Dentro de esa época dorada del alpinismo, no podemos dejar de citar a Lionel Terray, con su Los Conquistadores de lo Inútil, una obra maestra que como muy bien dice su título no hace falta describir su contenido, pero que también nos lleva a poder vivir esas gestas con esos equipos rudimentarios, sin pies de gato, sin “Gore”,sin materiales de duraluminio, es decir mucho peso y pocas prestaciones comparativamente a hoy. Entre Cero y ocho mil, qué podemos decir de ese libro que nos muestra y nos traslada a esa larga duración de subir paulatinamente montañas hasta su más emblemática altura del Everest. Este es el gran Kurt Diemberger, su protagonista. Hablar de Ricardo Casssin, es sinónimo de esfuerzo, de dureza y tenacidad, y por ello la lectura de Jefe de Cordada es una muestra de ese enigmático valiente llamado Cassin para todos. Como no, Anapurna de Maurice Herzog, con su conquista al primer 8000, describiendo lo que era una verdadera expedición alpina, todo una aventura. Hay tantos y tantos libros todos de esa época dorada donde la literatura formaba mucha parte del alpinismo, pues no existiendo internet ni la tecnologia actual, era el medio de información y de inspiración para programar diversas escaladas.

Sin describir gestas alpinistas, pero sí sentimientos hacia nuestro amor por las montañas hablaríamos de El Sentimiento de la Montaña de Eduardo Martínez de Pisón, gran escritor que nos lleva a la magia de nuestro entorno, o sus Cuadernos de Montaña otro libro para leer. Meditaciones de las cumbres de Julius Evola, es un libro cuyo magnetismo y profundidad nos exige leer y releer varias veces sus profundas meditaciones dado el calado de sus expresiones. De nuestro querido Reinold Messner, cuya presentación no hace falta pues es un icono, tenemos un libro que se adelanta en el tiempo a lo que pretendemos hoy en alpinismo. Solo, o su otro libro Espíritu Libre, donde su alma se queda al desnudo por esa libertad que ejerció siempre en el alpinismo, y por qsupuesto su libro El Desafío. Este gran alpinista pionero en su género ha sabido transmitirnos por la literatura una nueva forma de concebir el alpinismo. De Walter Bonnati, ese legendario alpinista creador de las grandes rutas alpinas cuyo sello permanecerá eterno pues sus dificultades siguen hoy siendo un reto. En su libro Montañas de una Vida, nos narra sus vivencias incluso las negativas que tuvo. Y El Primero de Cordada de Roger Frison-Roche, quizá el más inentendible para la última generación de alpinistas, pero que marcó una lectura de obligado cumplimiento en esa época dorada de nuestro alpinismo clásico.

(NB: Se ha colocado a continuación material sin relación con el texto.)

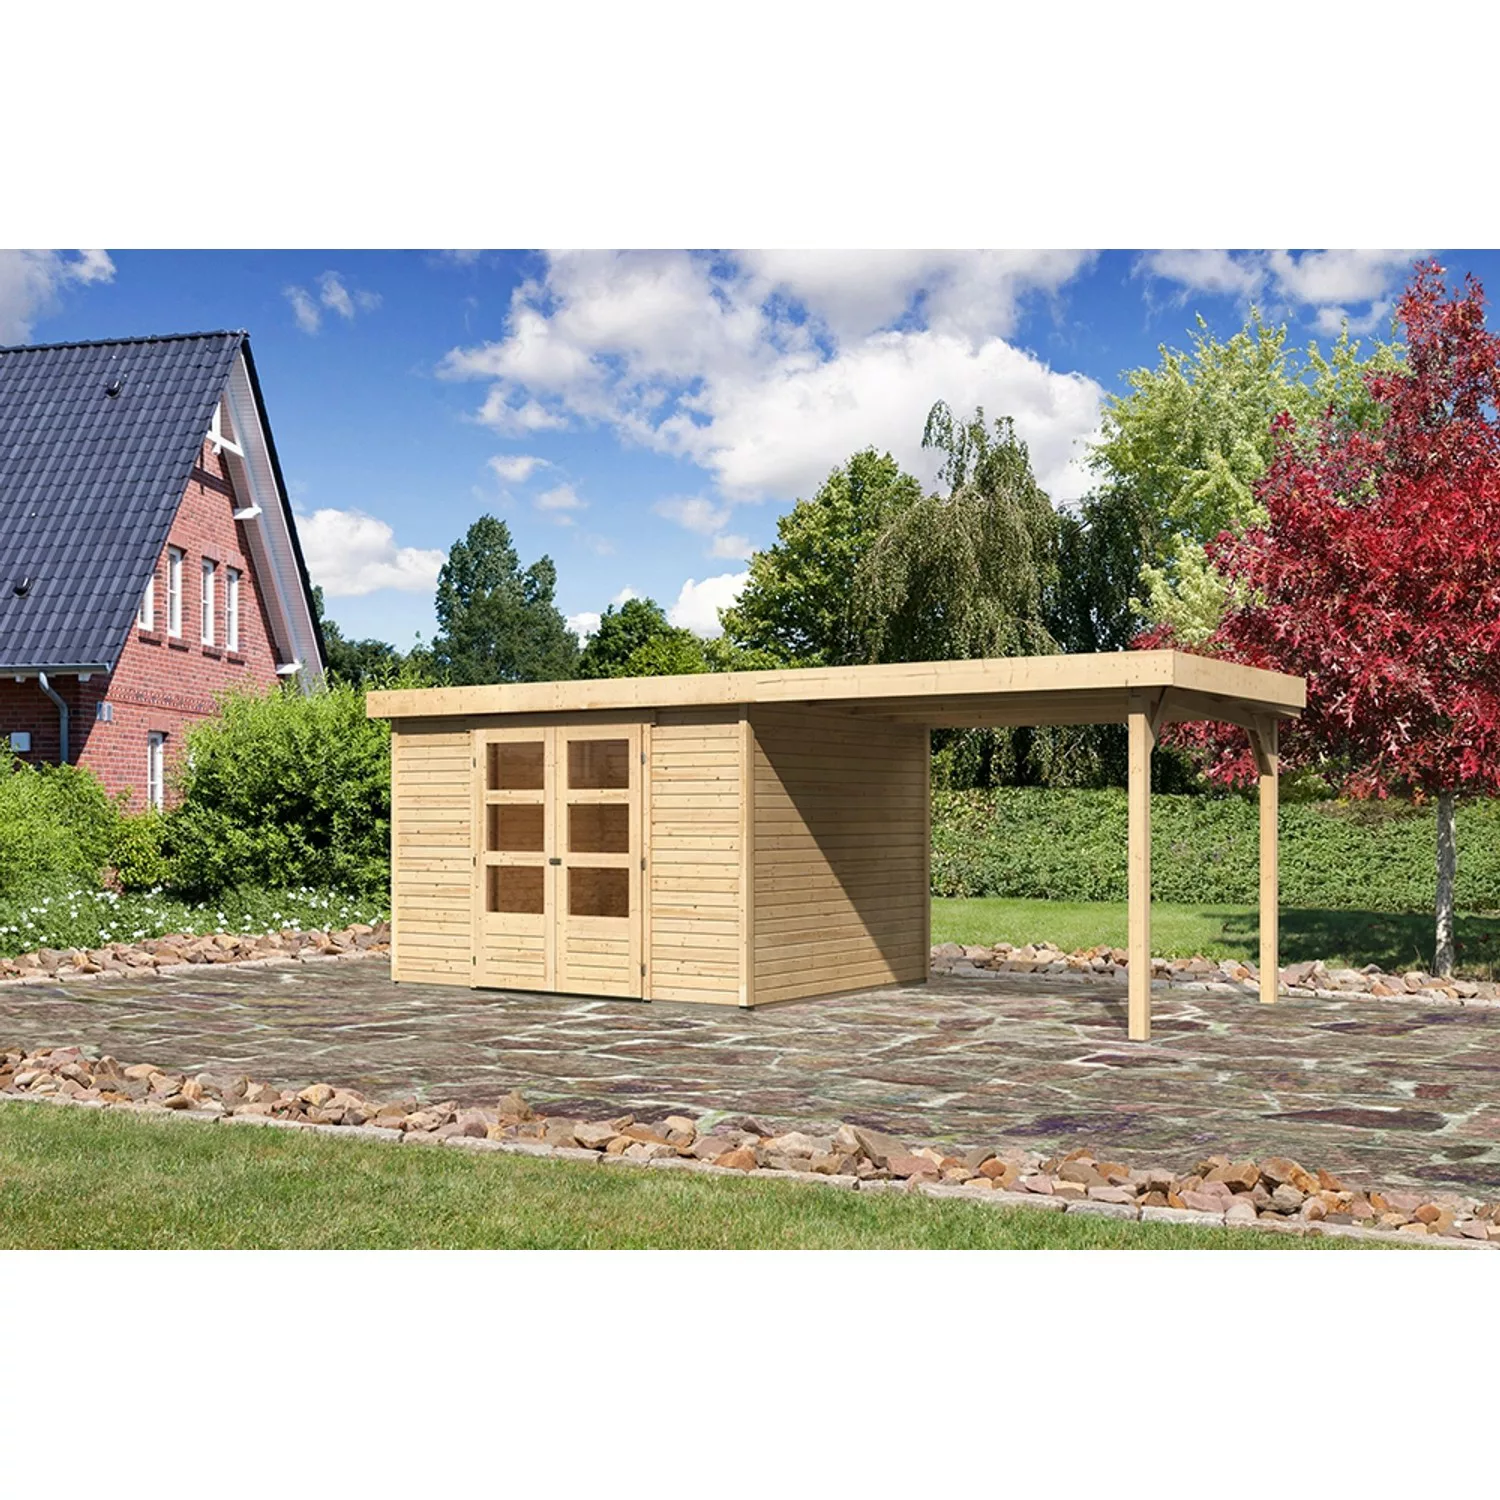 Karibu Holz-Gartenhaus Boras Natur Flachdach Unbehandelt 298 cm x 242 cm günstig online kaufen
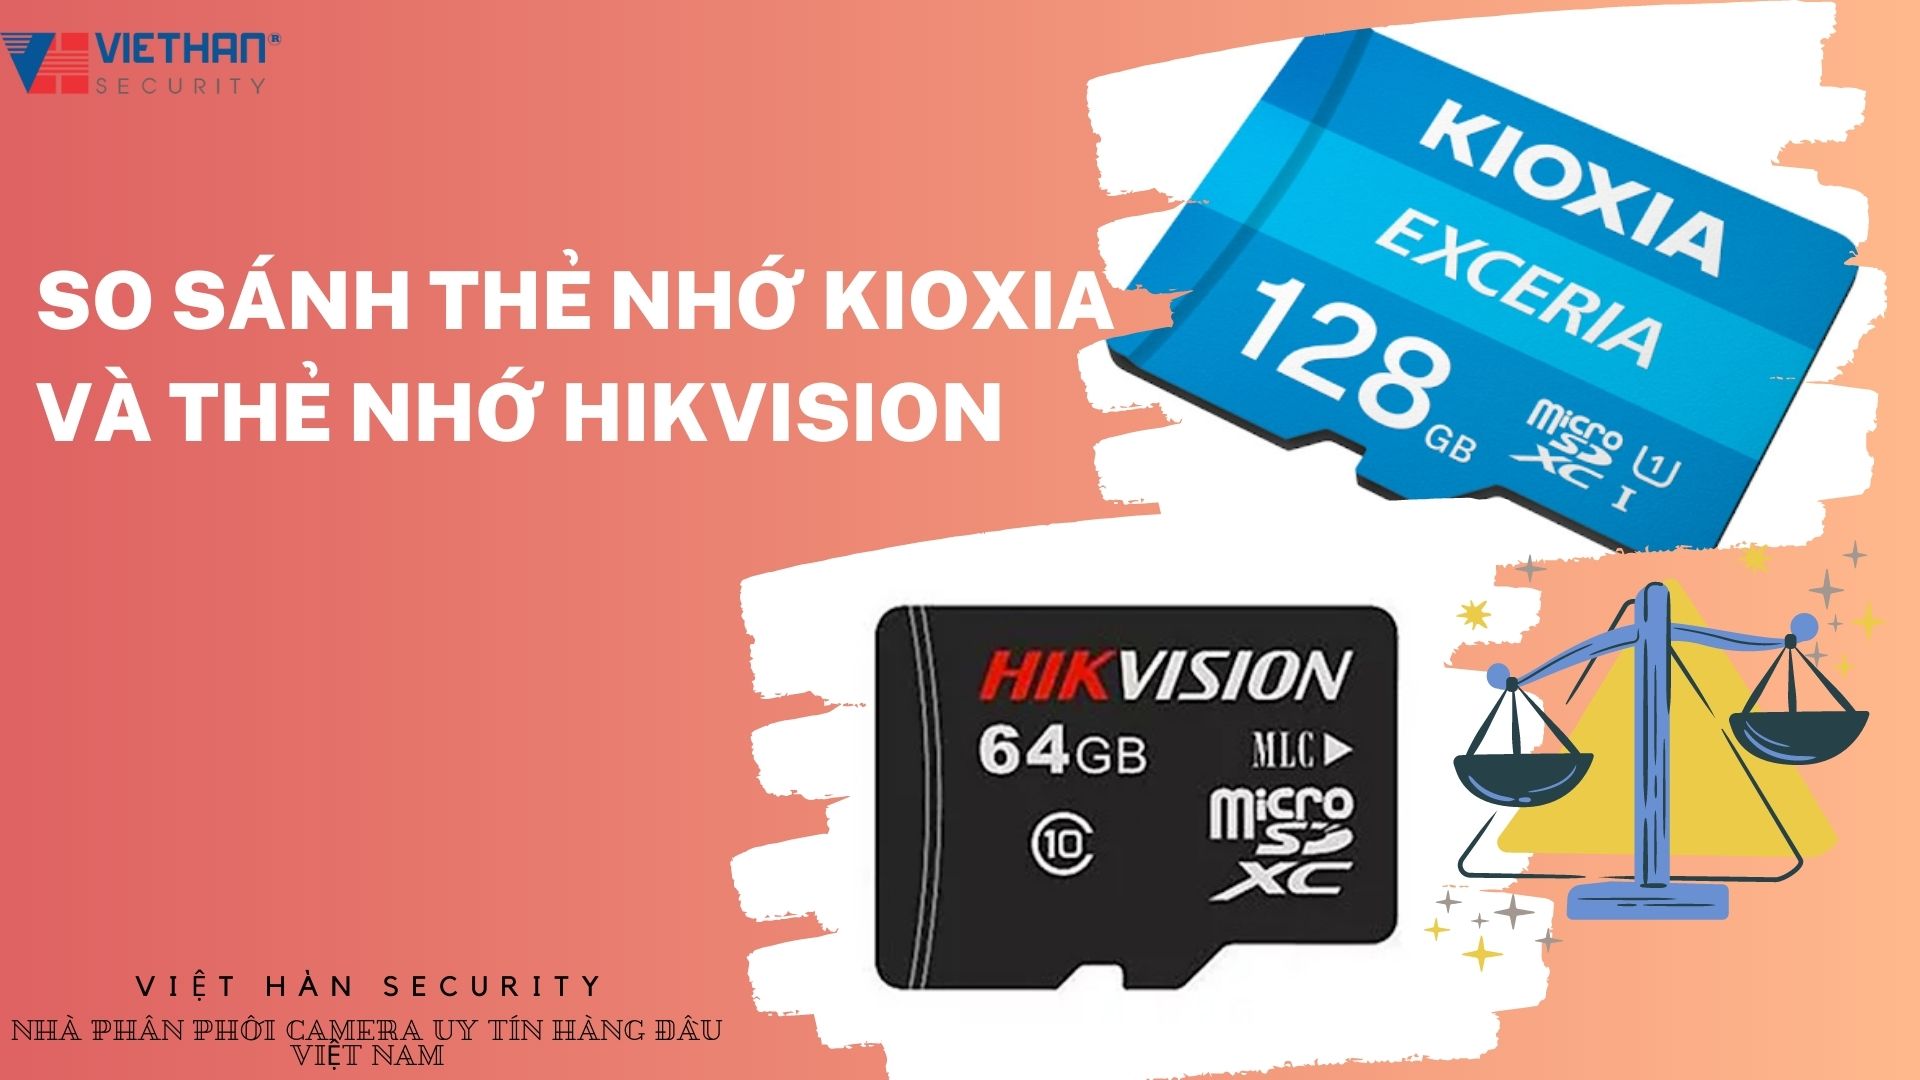 So sánh thẻ nhớ Kioxia và thẻ nhớ Hikvision

Otros muchos de la misma época, Grieta en el Glaciar de Roger Frison-Roche, Montañas Injustas de Agustin Faus, Vocación Alpina de Armand Charlet, Los Tres Últimos Problemas de los Alpes de Ander Heckmair, La Conquista del Cervino de Eduard Wimper, Cordadas de Alerta de JJ Mollaret, La Conquista de las Montañas de Eric Shipton, El Alpinismo Hoy de Hermann Huber, Erase Una Vez el Sexto Grado de Ricardo Cassin, El Espíritu de una Época de Royal Robbins, El Espíritu de la Roca de Ron Kauk, Los Andes Vertiginosos de Rene Desmaison, La Montaña no Quiso de Saint-Loup, El Séptimo Sentido de Kurt Diemberger, y la Vertiente Oscura de Joe Simpson, todos libros escritos por grandes alpinistas y escritores, que como muy bien dicen sus títulos son de gran recomendación su lectura. Toda una extensa bibliografía capaz de hacernos volar por cualquier macizo, por cualquier pared en cualquier montaña, consiguiendo que los lectores alpinistas sientan por unos momentos durante su lectura la introducción a las actividades descritas por estos grandes escritores, hasta el punto de ser capaces de sentir y vivir la montaña desde casa.